A more recently developed tuning is commonly found on tremolos manufactured in or designed for Asia. This layout is derived from the "solo" tuning found in chromatic harmonicas and is sometimes called "scale" tuning. Here the notes of the major scale are found throughout the range of the harmonica without a separate chord section in the bass octave. This helps to facilitate a common practice in Asia of playing both a C and C♯ harmonica stacked in order to achieve full chromaticity by having essentially the same notes available in each octave of the harmonica. This tuning is also applied to Tombo's S-50.

Scale tuning
1; 2; 3; 4; 5; 6; 7; 8; 9; 10; 11; 12; 13; 14; 15; 16; 17; 18; 19; 20; 21; 22; 23; 24
blow: C; E; G; C; C; E; G; C; C; E; G; C
draw: D; F; A; B; D; F; A; B; D; F; A; B

Note: Some manufacturers replace the repeated root note (7 and 15) with a spacer (see S-50), or just completely do away with it (e.g.: Hohner).

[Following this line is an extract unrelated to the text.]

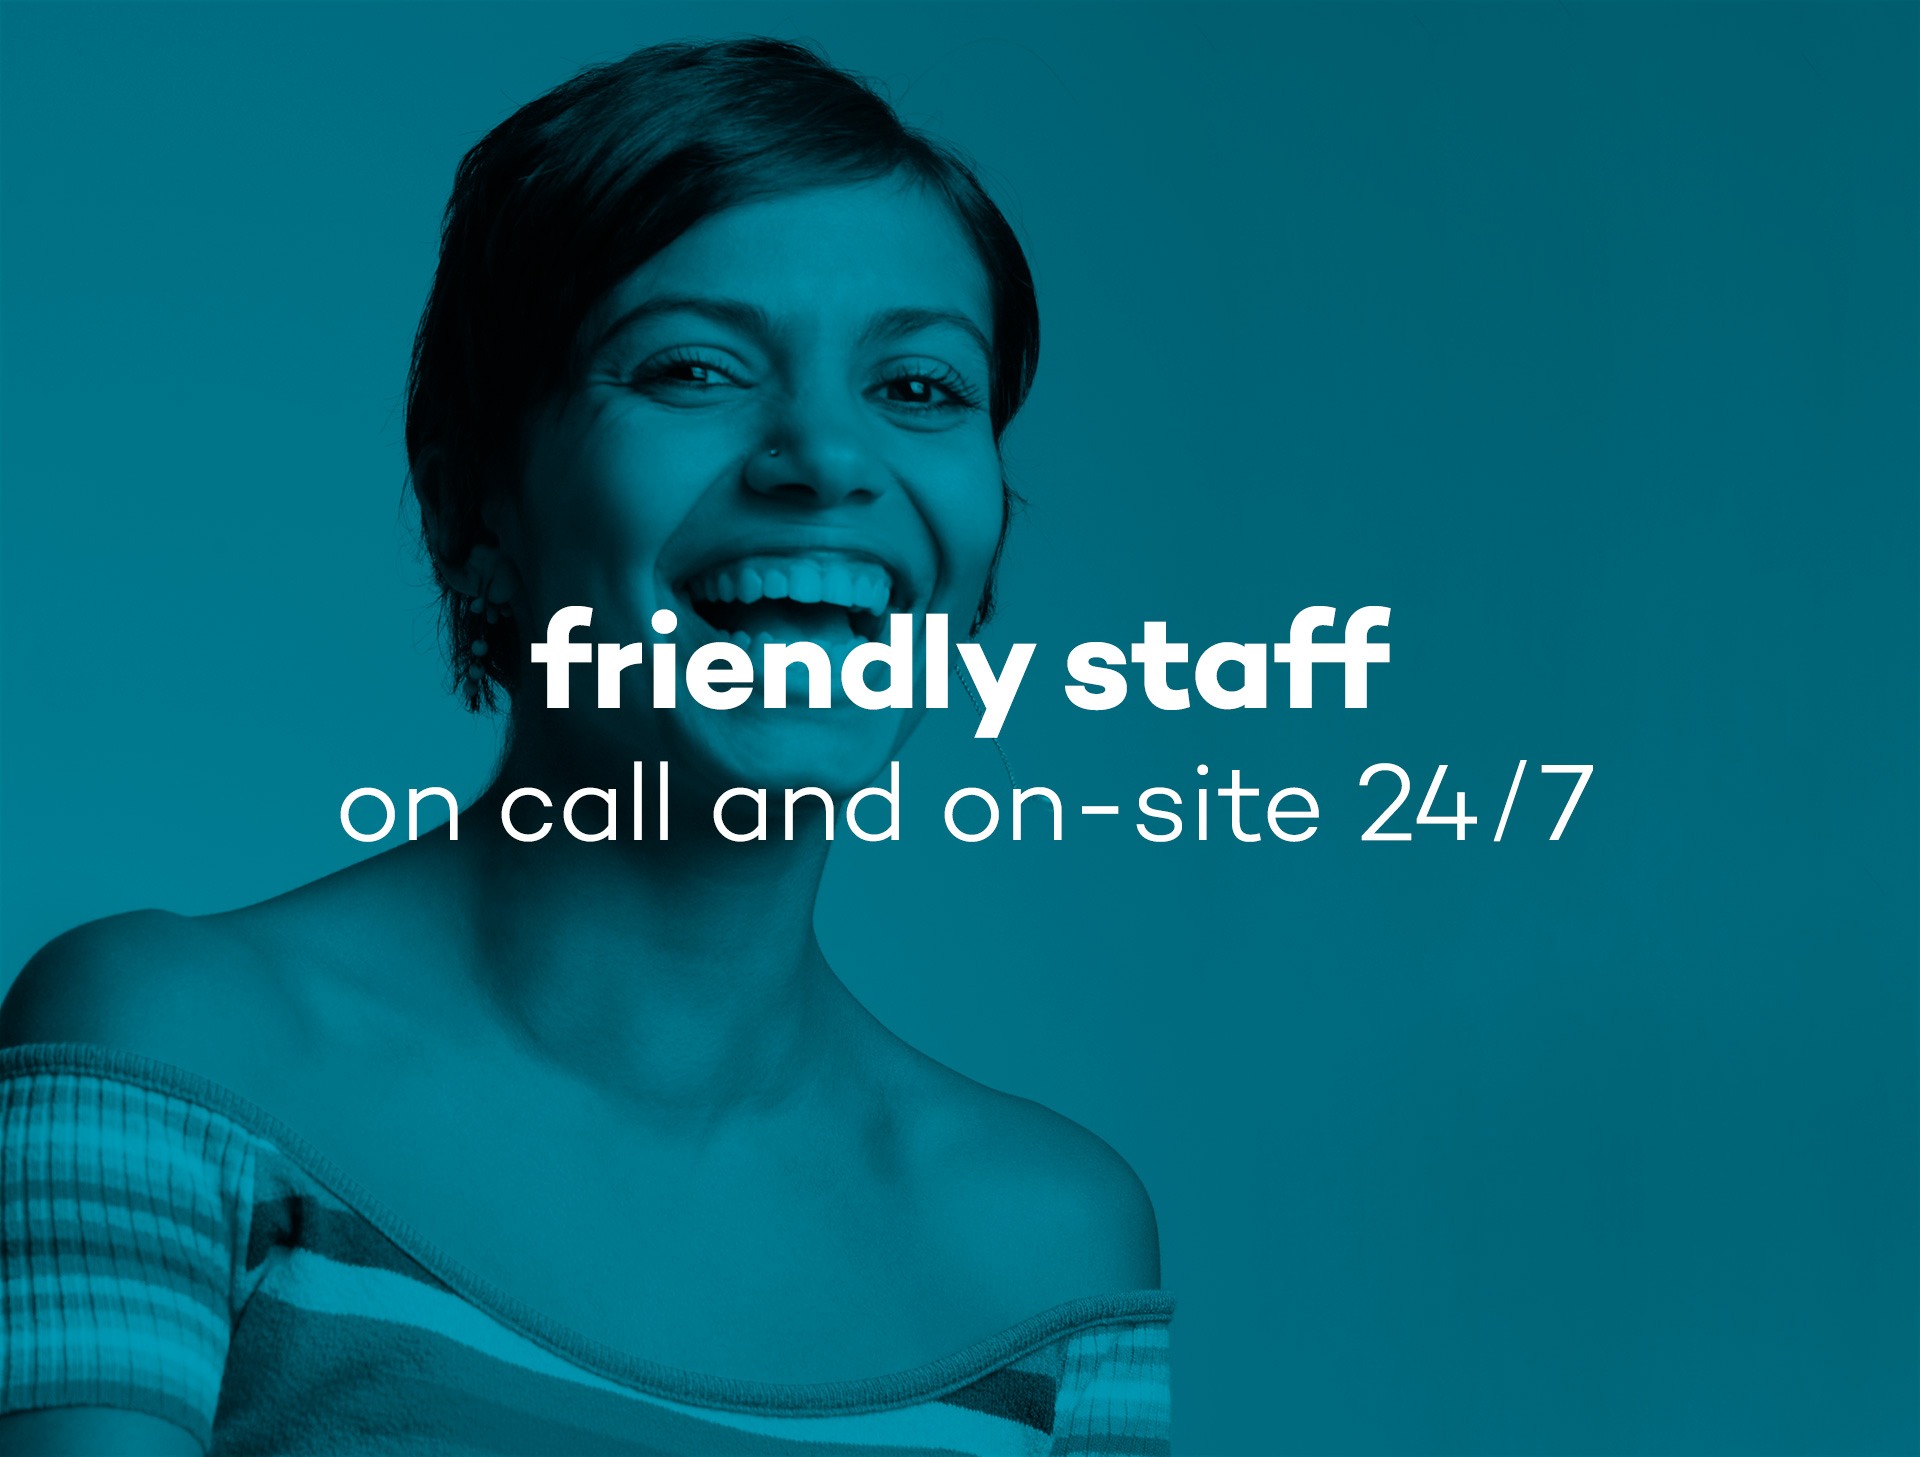 friendly-staff

Recently, Hohner also released a scale-tuned tremolo, the "21 Tremolo De Luxe", which has three complete scale-tuned octaves.

== Use ==
Tremolo harmonicas are perhaps the most common form of harmonica in the world, being very popular in folk music as well as in much of East Asia. In the West, the tremolo harmonica is usually encountered in traditional folk music, being found throughout Europe and South America in this role. In China, Japan, Korea, Taiwan and other parts of Asia, however, tremolo harmonicas are found in nearly every area of music from folk to classical — in fact, there are specially manufactured tremolo harmonicas for ensemble playing. Players often use several different harmonicas at a time, holding them one atop the other, in order to play notes and chords not available on any single instrument.

== Other ==
There are chromatic tremolo harmonicas, which combine the slider design of the chromatic harmonica with the dual reed beating sound of the tremolo harmonica. Harmonica technician John Infande has been manufacturing his own design in limited numbers for several years, while the Japanese harmonica company, Suzuki Musical Instrument Corporation, has recently released its design.